Which all interviews did you gave and your strategy to choose the final Institute from the converts you had?
From among the institutes that I applied for, I recieved calls for interview from IIM Lucknow, IIM Kozhikode, IIM Indore and FMS for their flagship PGP Programme. I also received a call from IIM Bangalore for their PGP(BA) Programme. While FMS didn’t conduct its Interviews due to the current pandemic situation, I did appear for the Interview Process of IIM Kozhikode in offline mode, before the lockdown began, and of the remaining 3 in online mode.
As of 1st June 2020, I have successful converts from IIM Indore as well as IIM Kozhikode, while being waitlisted at IIM Lucknow and awaiting results for the PGP(BA) programme of IIM Bangalore. My strategy of selection in the current situation is biased towards learning opportunities, institute ranking, placement stats and COVID situation in the vicinity. So, based on my criteria of selection and from the current converts that I have, I would be joining IIM Kozhikode PGP Batch of 2020-22.
Top 3 learnings you have for our readers.
- Be Consistent: Don’t miss the targets set, be it for one’s CAT preparation or anything else. A steady and consistent exercise will definitely bear a bigger fruit. If you’re consistent on your part, you’ll surely see success at every point of life.
- Perseverance and Diligence: No matter how many times you fall down, get ready to stand back up and go back at your goals. It might not always be your day to succeed, but someday, it’ll be, and till that day, keep learning and keep trying.

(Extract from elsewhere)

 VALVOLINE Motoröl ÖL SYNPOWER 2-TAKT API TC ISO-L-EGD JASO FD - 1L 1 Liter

- The actual worth of education: It’s not just any degree. An MBA for 2 years will dictate the next 20 years of one’s life. Do realise that it’s the education that shapes an individual and only a chosen few are privileged to attend a top B-School
Top 3 things that aspirants should avoid
- Avoid Backlogs: Don’t ever create backlogs. A backlog just keeps on developing over another backlog, there’s no end to it. If you have something set for today, just do it today anyhow, never ever postpone it to tomorrow, not even a part of it.

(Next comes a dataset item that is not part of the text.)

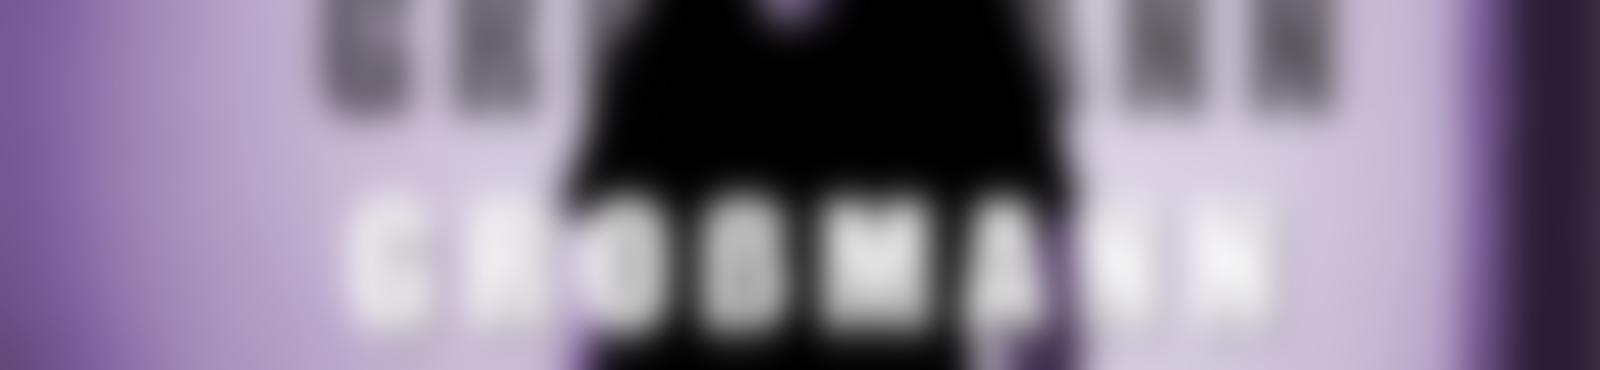 Blurred a42a2ad8 b8c1 4a24 bce2 be6f476de04b

- Avoid panic attacks: Learn to stay calm and focussed. Everyone has their own way of dealing with their anxiety and fears. Don’t let the name ‘CAT’ or ‘MBA’ grapple you into any sort of panic.
- Avoid following strategies of other people: Every person is unique in their own way. There might be a strategy that might work in favour of one person while it may even go against some another person. Explore and discover your own strengths and prepare a strategy that works for you separately.

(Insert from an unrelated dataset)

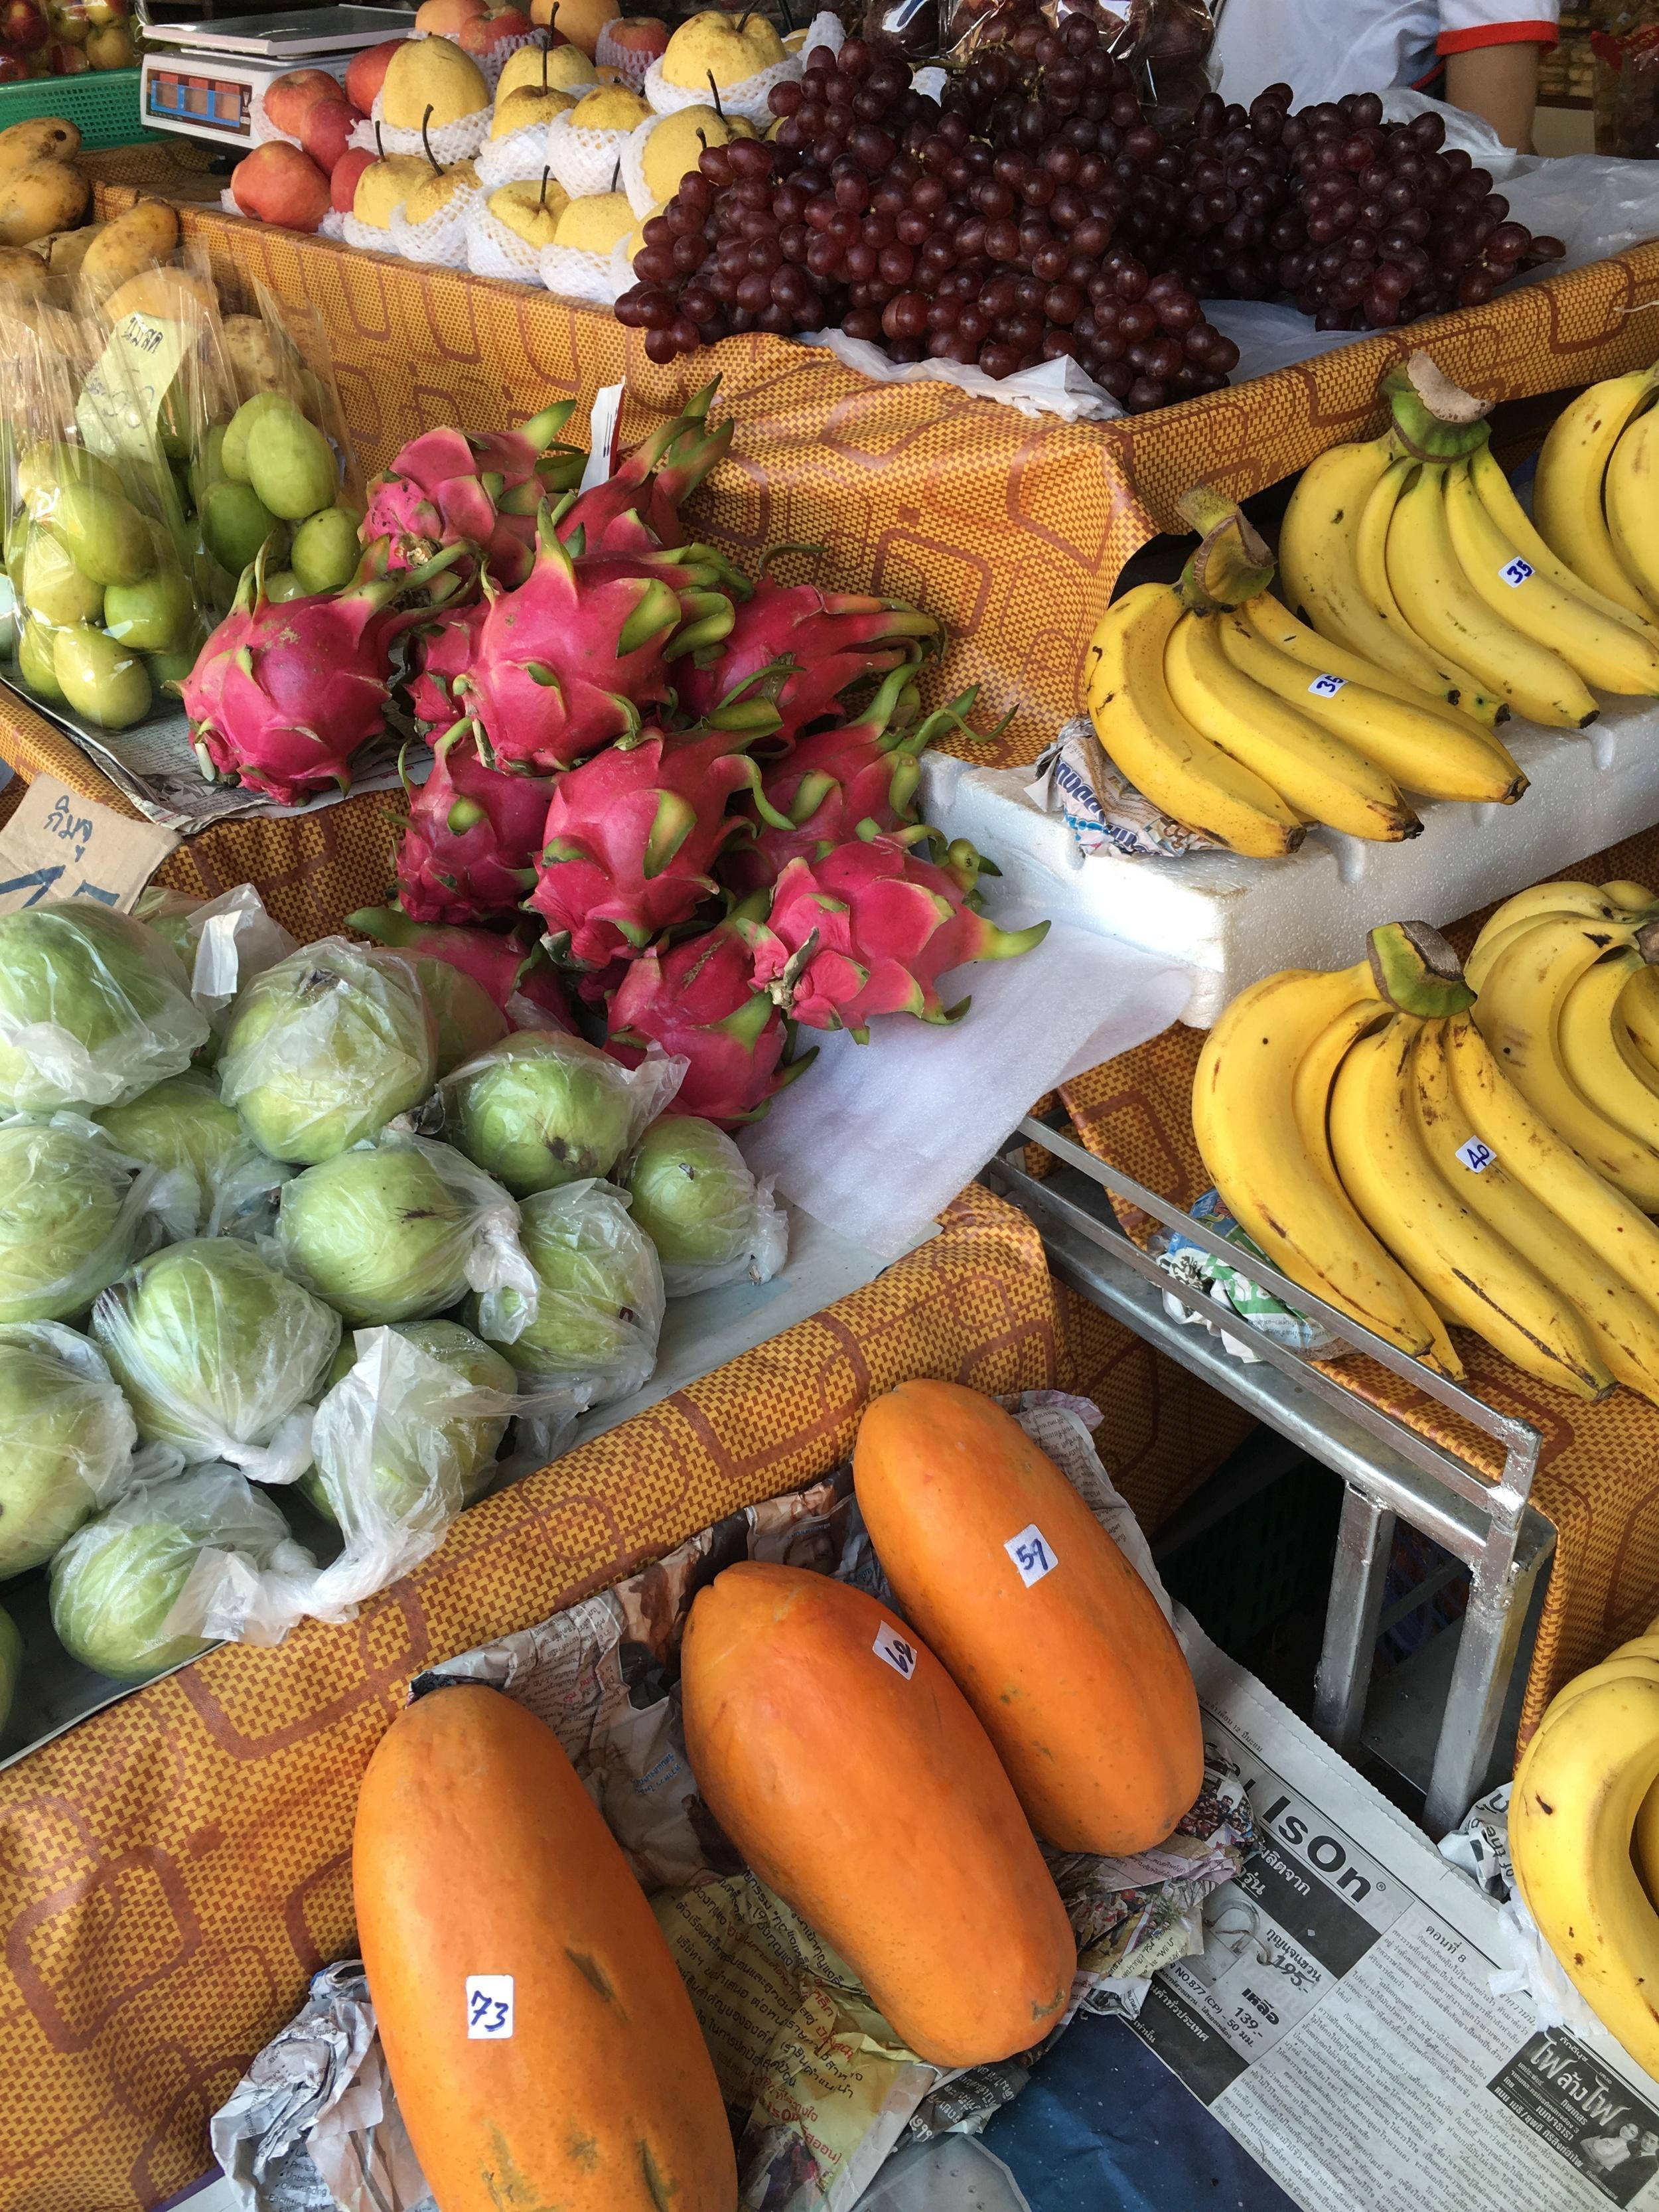 Dragonfruit and papaya

Top 3 Suggestions for aspirants to answer the ultimate question “To reappear or not”
- How does doing an MBA now, as a Fresher or a person with ‘X’ Work Experience, impact you against doing an MBA as a person with ‘X+1’ years of Work Experience? Impacts might include financial health, age, society, opportunities, promotions, etc.
- Will you be able to study with the same or more energy for another year and be able to perform better than your last attempt? If yes, what additional benefit will it bring? If no, then why do you wish to reappear?
- Are you satisfied with the course or the institute that you have got an admit into? Would you ever regret if you do it now vs Will you be at a better place if you reappear?